Damour sheated his sword, but lost none of the anger in his voice or stance "Where was this?!"
The beggar looked up, not sure wether he was safe from the nobleman's wrath or not "I-in the harbour, sir. He spoke with an islander's accent."
"You mean a sailor has taken my son halfway across the Seas by now?!" Damour went for his sword again, but his first-born and his father's brother stopped him in his tracks.
The Old Vieux spoke "Dux, calm down. The mayor has been informed, and your men are in search of the boy. We'll go down to the harbour and ask around. If someone took Gascon on a ship, we'll know before evening clock."
"Yes dad, uncle Vieux is right. Even you can't keep Gascon quiet when he's upset.

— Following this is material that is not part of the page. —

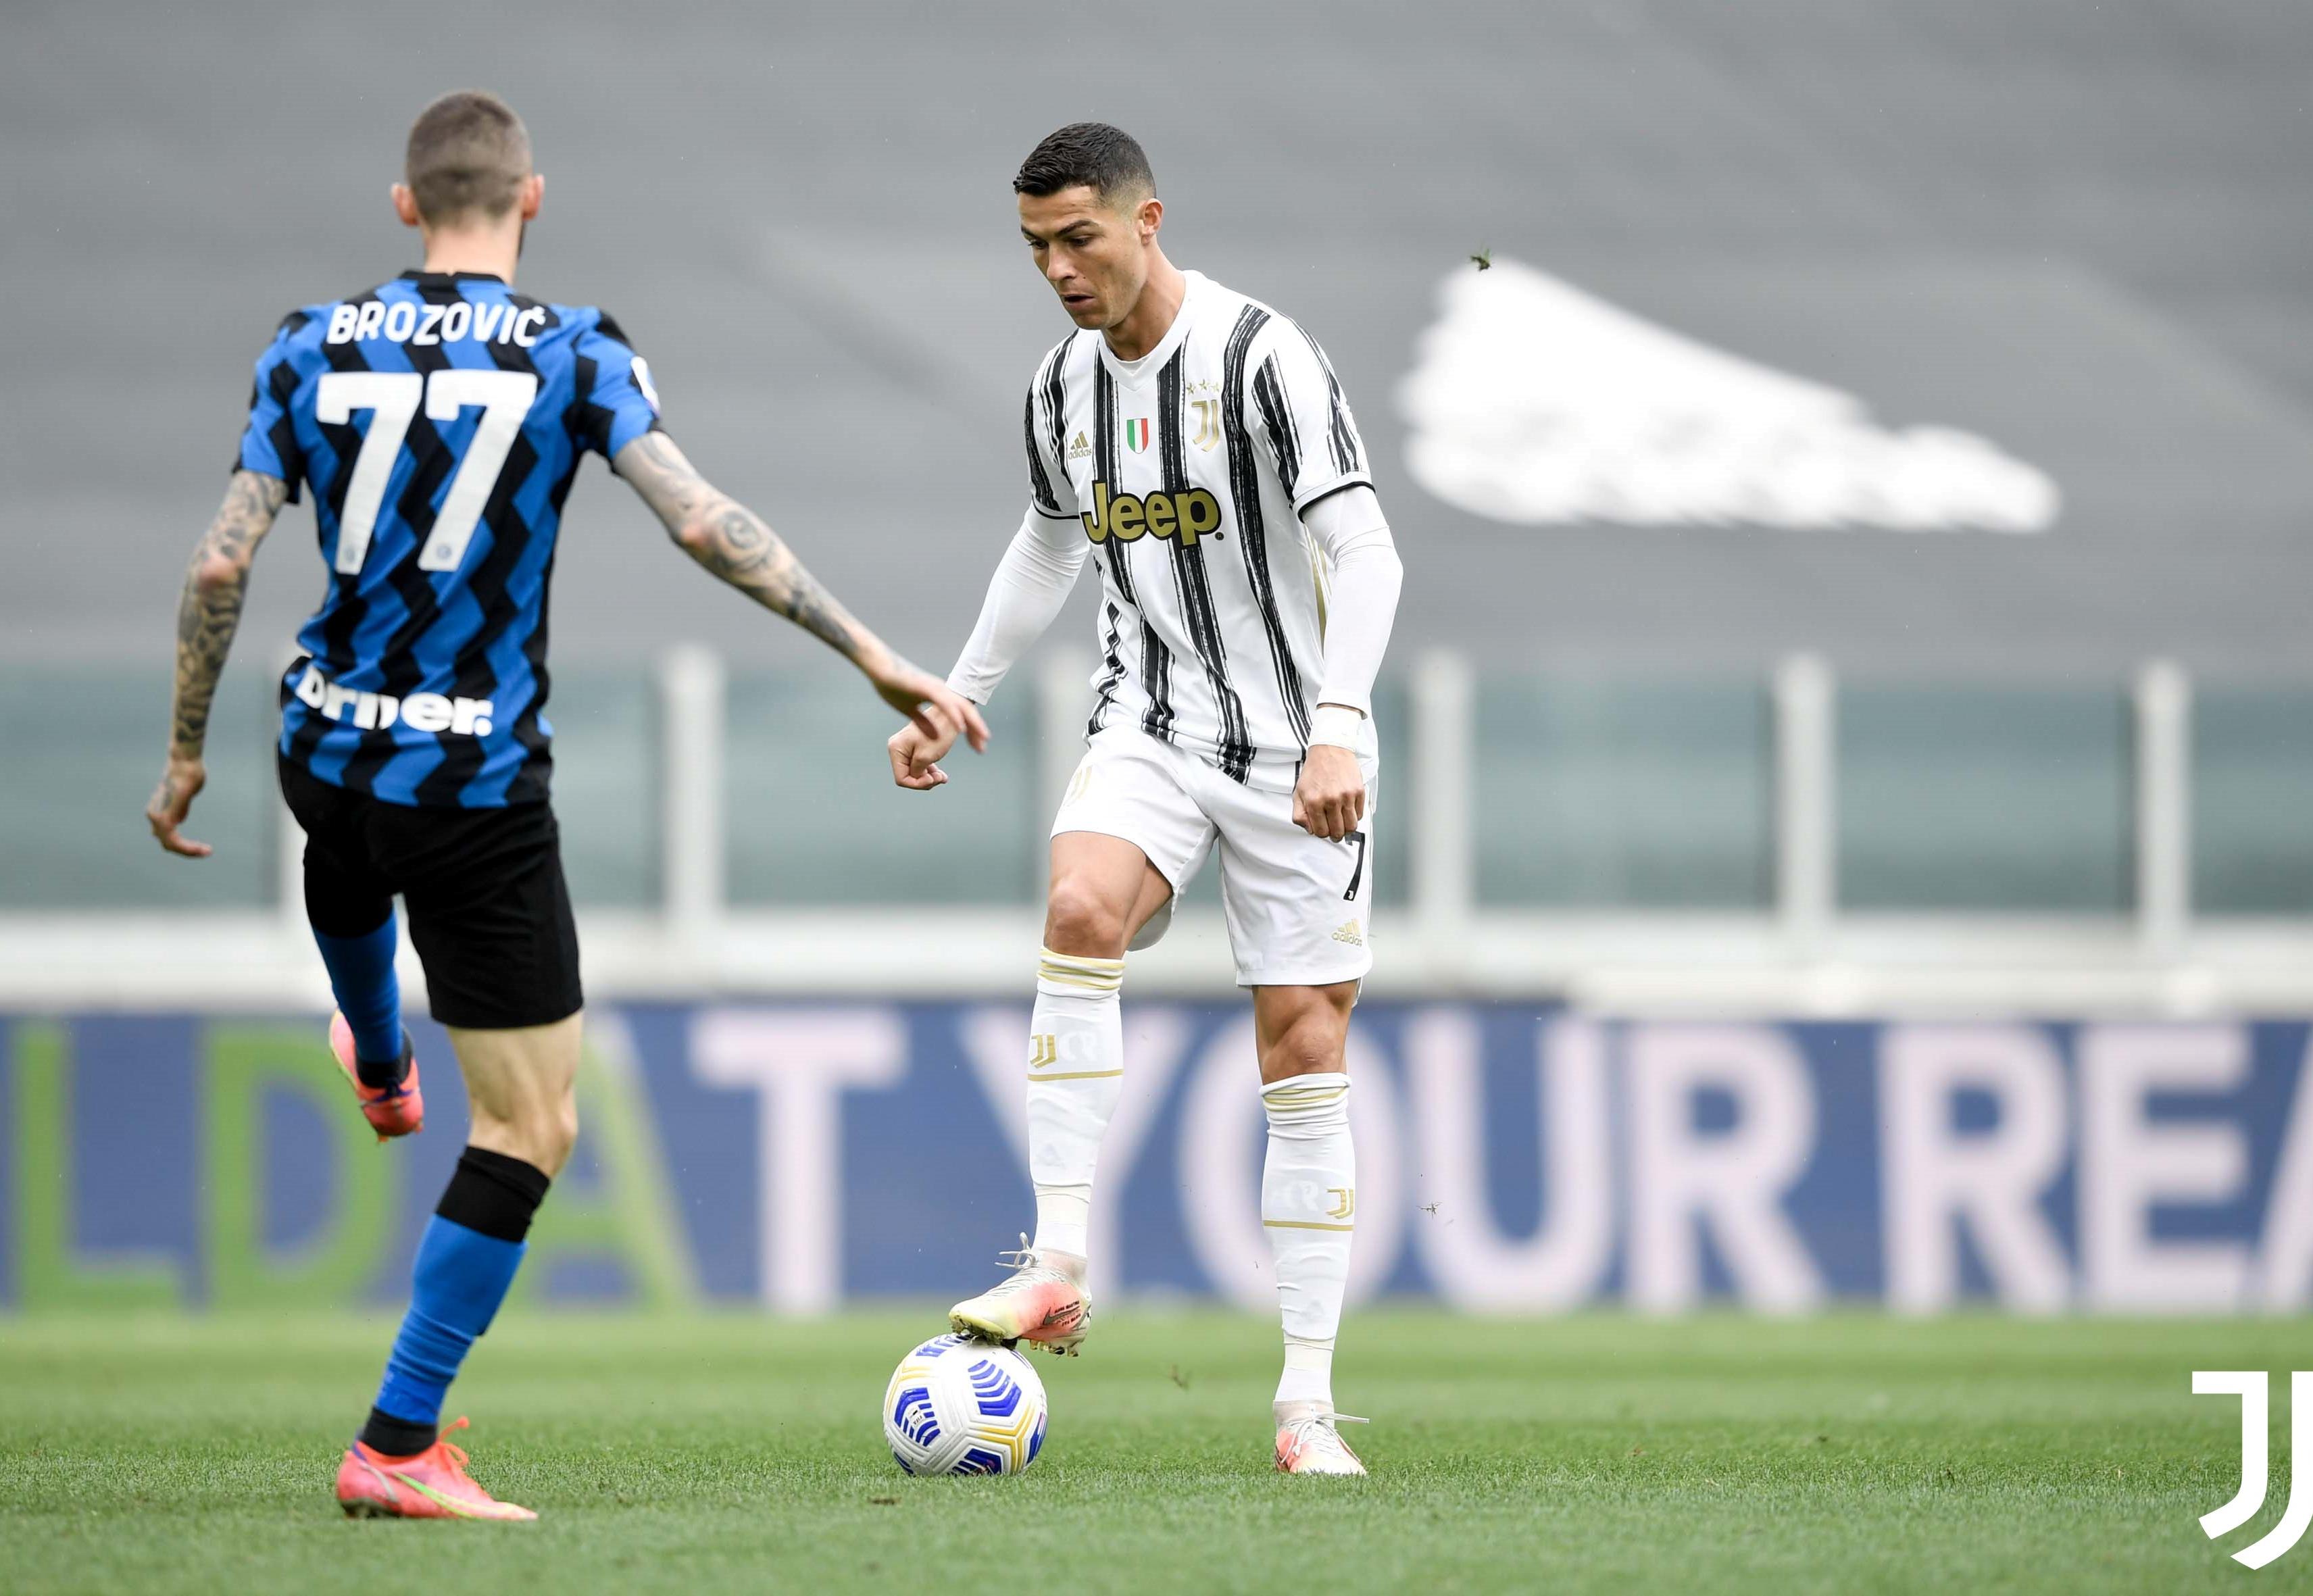 Com polêmica, Juventus bate Inter e segue na briga pela Champions; assista

It is impossible for a simple thug to pipe him down."
As the three generations of Damour sat down, the middle-aged man spoke his mind "I know I can only save my son if cooler heads prevail, but I am so worried, and angry with myself for allowing this to happen."
"Nephew Dux, you cannot keep a day-round watch on your son! The boy would go mad. When this is over, you should teach him to wield a blade and defend himself when need be."
"That would be for the best, old man. I will see to it as soon as we catch the hoodlums responsible for this." said Dux Damour, as he divided the harbour's taverns among the three of them...

Voila. Watcha'all think?


----------



## Ruined (Mar 12, 2003)

Looks good. I like the appearance of elements that usually don't pop up in games. Keep it up!


----------